Department of Surgery, Institution of Clinical Sciences Malmö, Lund University, Malmö, Sweden.
Department of Internal Medicine I, Martin Luther University, Halle (Saale), Germany.
United European Gastroenterol J. 2019 Dec;7(10):1312-1320. doi: 10.1177/2050640619882520. Epub 2019 Oct 9.
Acute pancreatitis (AP) is a frequent disorder with considerable morbidity and mortality. Obesity has previously been reported to influence disease severity.

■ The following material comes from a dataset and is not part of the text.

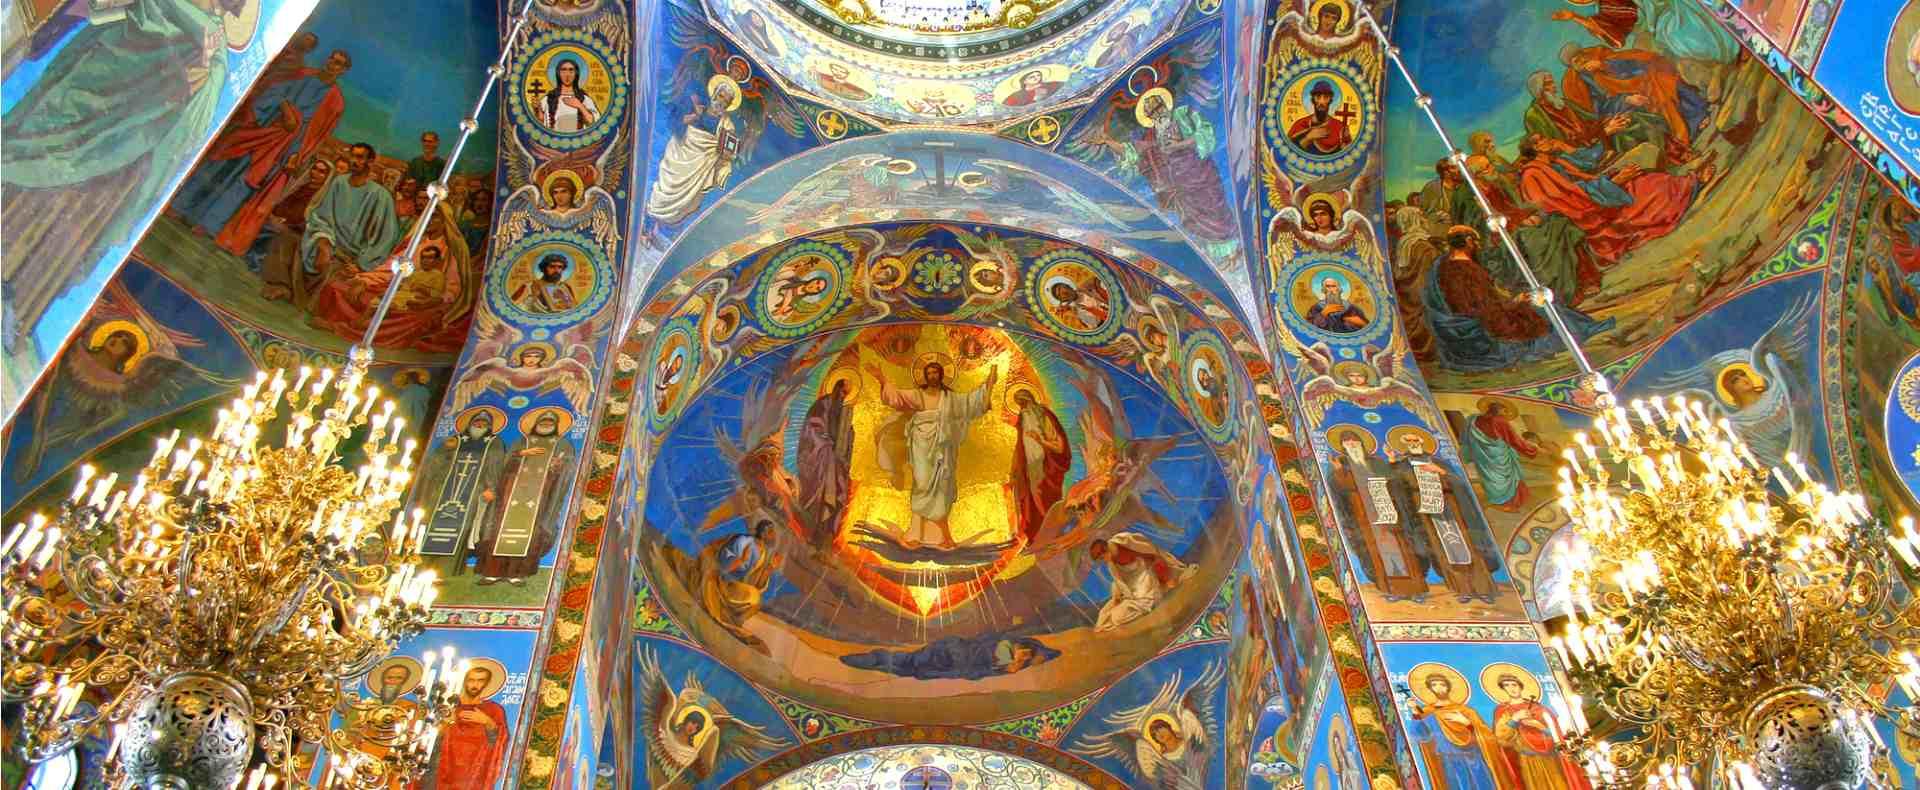 Savior on Blood, St. Petersburg, Russia

The aim of this study was to investigate the association of adipose and muscle parameters with the severity grade of AP.
In total 454 patients were recruited. The first contrast-enhanced computed tomography of each patient was reviewed for adipose and muscle tissue parameters at L3 level. Associations with disease severity were analysed through logistic regression analysis. The predictive capacity of the parameters was investigated using receiver operating characteristic (ROC) curves.
No distinct variation was found between the AP severity groups in either adipose tissue parameters (visceral adipose tissue and subcutaneous adipose tissue) or visceral muscle ratio. However, muscle mass and mean muscle attenuation differed significantly with -values of 0.037 and 0.003 respectively. In multivariate analysis, low muscle attenuation was associated with severe AP with an odds ratio of 4.09 (95% confidence intervals: 1.61-10.36, -value 0.003). No body parameter presented sufficient predictive capability in ROC-curve analysis.
Our results demonstrate that a low muscle attenuation level is associated with an increased risk of severe AP. Future prospective studies will help identify the underlying mechanisms and characterise the influence of body composition parameters on AP.
急性胰腺炎(AP)是一种常见的疾病,具有相当高的发病率和死亡率。肥胖先前被报道会影响疾病的严重程度。
本研究旨在探讨脂肪和肌肉参数与 AP 严重程度等级之间的关联。
共招募了 454 名患者。每位患者的第一次增强 CT 扫描均在 L3 水平进行了脂肪和肌肉组织参数的评估。通过逻辑回归分析研究了与疾病严重程度的相关性。使用受试者工作特征(ROC)曲线研究了参数的预测能力。
在 AP 严重程度组之间,脂肪组织参数(内脏脂肪组织和皮下脂肪组织)或内脏肌肉比率没有明显差异。然而,肌肉质量和平均肌肉衰减值存在显著差异,分别为 0.037 和 0.003。在多变量分析中,低肌肉衰减值与重症 AP 相关,优势比为 4.09(95%置信区间:1.61-10.36,p 值=0.003)。在 ROC 曲线分析中,没有任何身体参数具有足够的预测能力。
我们的结果表明,低肌肉衰减值与重症 AP 的风险增加相关。未来的前瞻性研究将有助于确定潜在的机制,并描述身体成分参数对 AP 的影响。